On my up-to-date system there is no storage in public it is in the root. Surely the 'easy' way would be to dump it into /img as logo.png when an update happens or the image is updated re-drop it into the directory. Easy peasy.
There isn't a public/storage
directory currently, but there can be, because we really don't want to have people keep uploading their logo :smile:
That's why I suggest, leave it 'stored' as-is. On upgrade or when the image changes simply dump it to /img/logo.png. Same effect no need for an extra artifact no user upload necessary and no embedded image.
There's no reason why we can't get php to serve the image. it doesn't have to be physically stored there for the webserver to dish out.
True but that means setting it up to send the correct headers, respond with not modified and so forth. For this it seems way easier just to create the image file in the existing image directory and let apache et al do the work.
If you could put a note in for https://github.com/jenolan/Cachet.Upgrade what it does...
True but that means setting it up to send the correct headers, respond with not modified and so forth.
That's fine. Your server should be able to do that. The fact an image came from php should make no difference to the headers it applies.
Hey @jbrooksuk . I'll love to pick this up if possible. From the chat you guys had, I didn't quite figure out which approach will be best. Do we just store the banner image in `public/storage/img/banner.png' during the upload as @jenolan suggested or do we compile the image using PHP and serve it directly at runtime using something like https://stackoverflow.com/a/15153931/2561122
CC @GrahamCampbell
Having PHP serve the image would be fine, but not using that code example there. Just return a response object.

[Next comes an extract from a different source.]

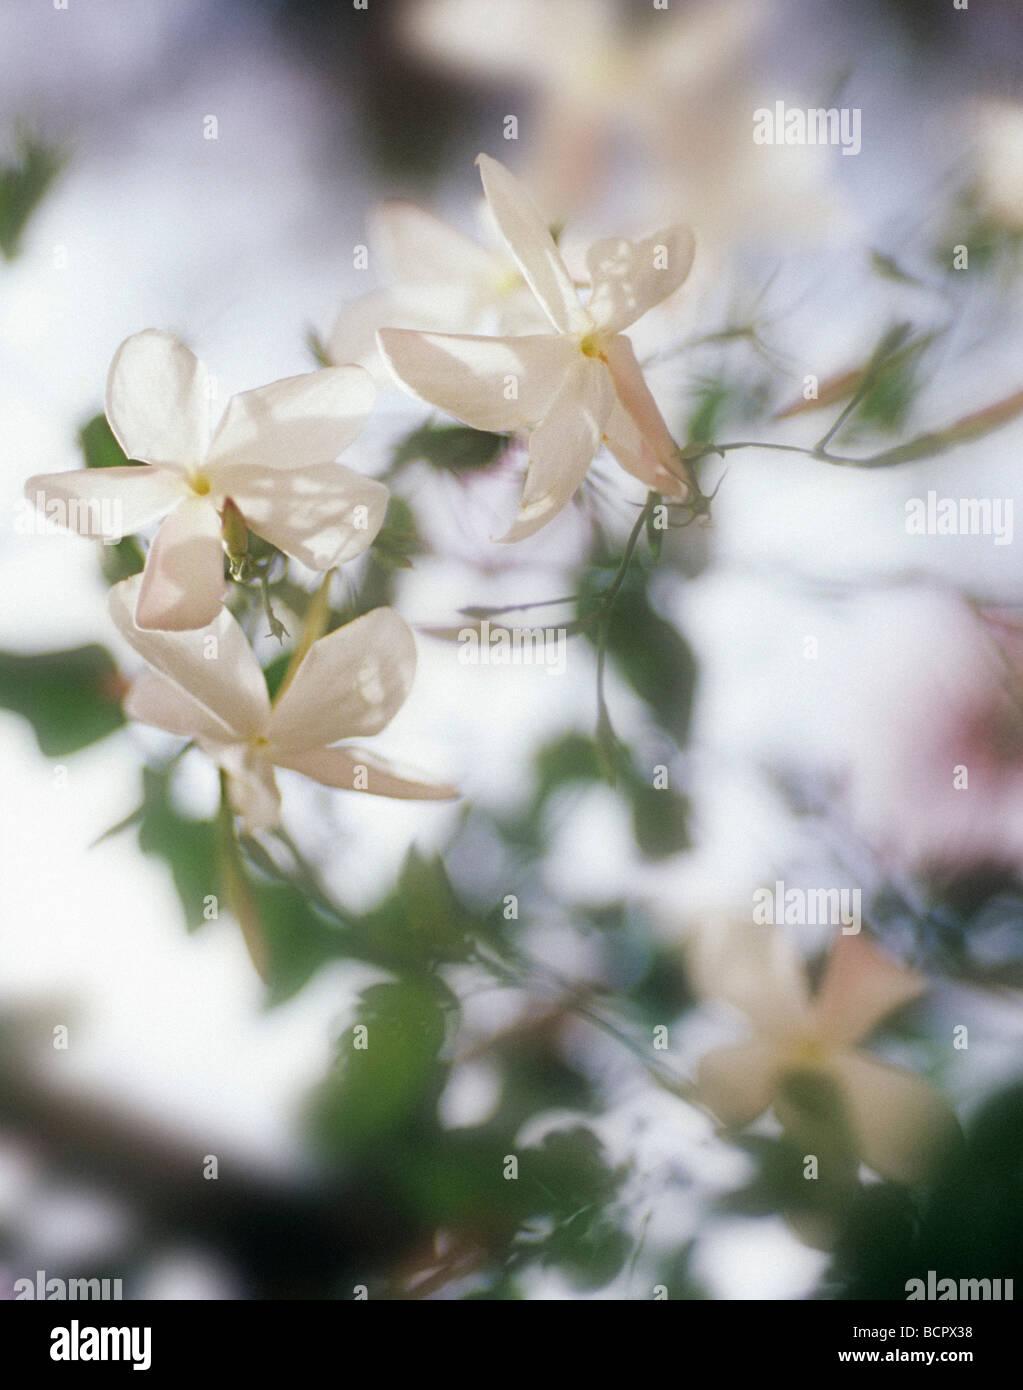 Jasminum officinale jasmine delicate white flowers on the climbing jasminum officinale jasmine delicate white flowers on the climbing plant mightylinksfo Gallery

Thank you for your input on Cachet 2.x. We are shifting our attention and resources to Cachet 3.x and will no longer be supporting the 2.x version. If your feedback or issue is relevant to the 3.x series, we encourage you to engage with the new branch.
For more information on the Cachet rebuild and our plans for 3.x, you can read the announcement here.
We appreciate your understanding and look forward to your contributions to the new version.
The optional logo at the top of the display is loaded inline (ie img src="data:image/png;base64...>) this is really bad as every page load resend all that data when if the image were copied into the /public/img/logo.png it would be cached by the browser!